It is due to the UI draw call being dependent it... I wasn't happy with that but didn't see a clean solution. Will go back tomorrow.
It would impact interactive performance somewhat but not the execution
from sverchok.
The function responsible is the draw_buttons
below, when I wrote this it was before stateful
and basically just a dictionary lookup, I wasn't happy with this then either but went on. It is quick enough anyway
But the stateful class which does the lookup and instantiates the class for each draw call, when just the class
contains sufficient information for the lookup.
def draw_buttons(self, context, layout):
props = self.compile().properties
for name in props.keys():
layout.prop(self, name)
def compile(self):
return _node_funcs[self.bl_idname]
# but in the stateful class
def compile(self):
return NodeStateful.get_cls(self.bl_idname)(self)
@staticmethod
def get_cls(bl_idname):
return _node_classes[bl_idname]
from sverchok.
@zeffii
Ok took care of that problem, it now uses the actual class instead of an instance.
from sverchok.
not sure how much time i'll have for this over the next two days . but will keep an eye on the changes
from sverchok.
I will also have less time but I want make this viable, will try to tick off as many boxes as I can
from sverchok.
Made an np version for cylinder faces/edges, not tested for optimization yet.
Cylinder went from around 20% of runtime to less tan 2%
Total exec time: NodeTree.002 0.027394
DAG build time: 0.000438 1.6%
Nodes:
SvRxNumberLinspace: Linspace.004 0.000204 0.7%
SvRxNodeTrig: Trig 0.000094 0.3%
SvRxNodeMath: Math 0.000090 0.3%
SvRxNodeVectorIn: Vector In 0.000134 0.5%
SvRxVirtualNode: VNode<Vector In> 0.000075 0.3%
SvRxNodeCreateMatrix: Create Matrix 0.007697 28.1%
SvRxNodeCircle: Circle 0.000239 0.9%
SvRxMatrixTransform: Transform 0.001235 4.5%
SvRxGeneratorTopology: Topology 0.000478 1.7%
SvRxNodeMeshOut: Mesh out 0.016669 60.8%
Node call time total: 0.026916 98.3%
Functions:
Add 1 0.000016 0.1%
Circle 1 0.000162 0.6%
Create Matrix 1 0.007425 27.1%
Cylinder 1 0.000340 1.2%
Linspace 1 0.000093 0.3%
Mesh out 3 0.016617 60.7%
Sincos 1 0.000016 0.1%
Transform 100 0.000439 1.6%
Vector In 2 0.000052 0.2%
Functon call total time 0.025158 91.8%
Processed Range Float in: 0.0001
Processed Math in: 0.0002
Processed Math.002 in: 0.0002
Processed Vector in in: 0.0002
Processed Math.001 in: 0.0002
Processed Vector in.001 in: 0.0002
Processed Matrix in in: 0.0015
Processed Circle in: 0.0001
Processed Matrix Apply in: 0.0025
Processed UV Connection in: 0.0052
Processed Viewer BMeshMK2 in: 0.0144
Node set updated in: 0.0247 seconds
from sverchok.
I think we can expect a something similar from updating create matrix.

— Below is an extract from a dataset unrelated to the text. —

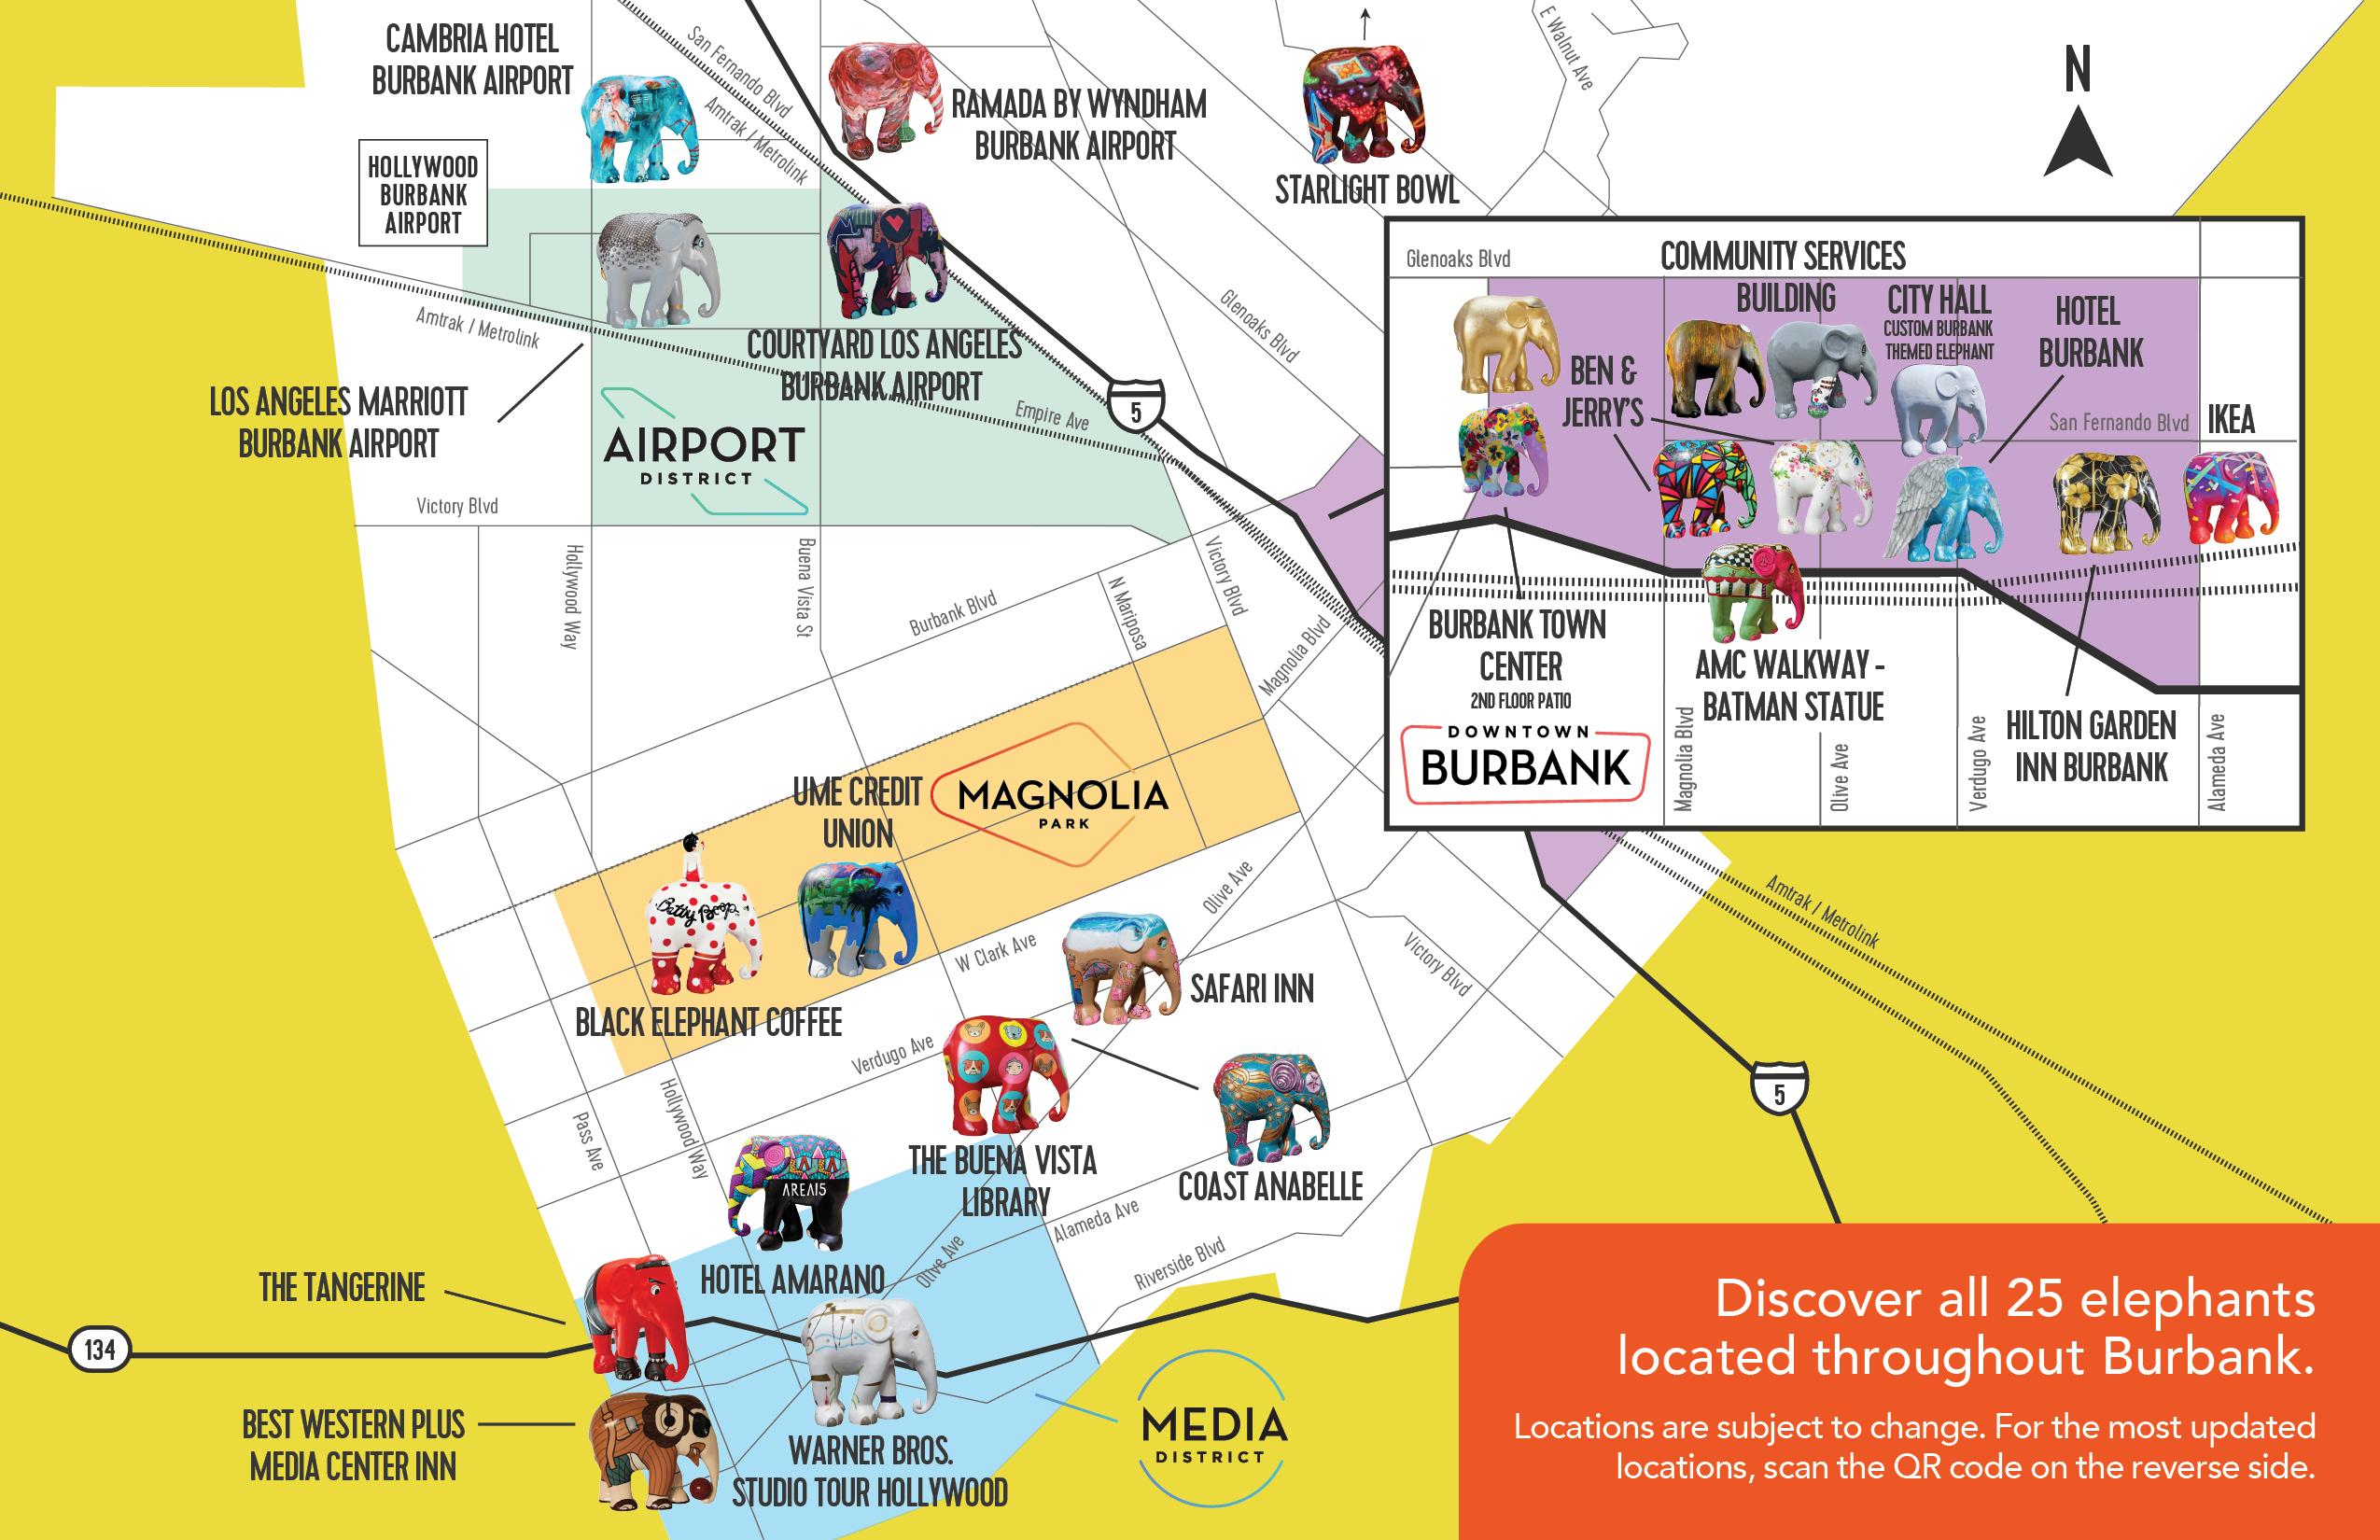 Detailed map of Burbank with images to notate where all the elephants are located

Mesh out can redone in a similar fashion as built-in .from_pydata
, which is also true for the old one.
from sverchok.
anything we can backport will be a bonus :)
# ? mesh.polygons.foreach_set('vertices', flat_face_keys) using loops?
mesh.edges.foreach_set('vertices', flat_edge_keys)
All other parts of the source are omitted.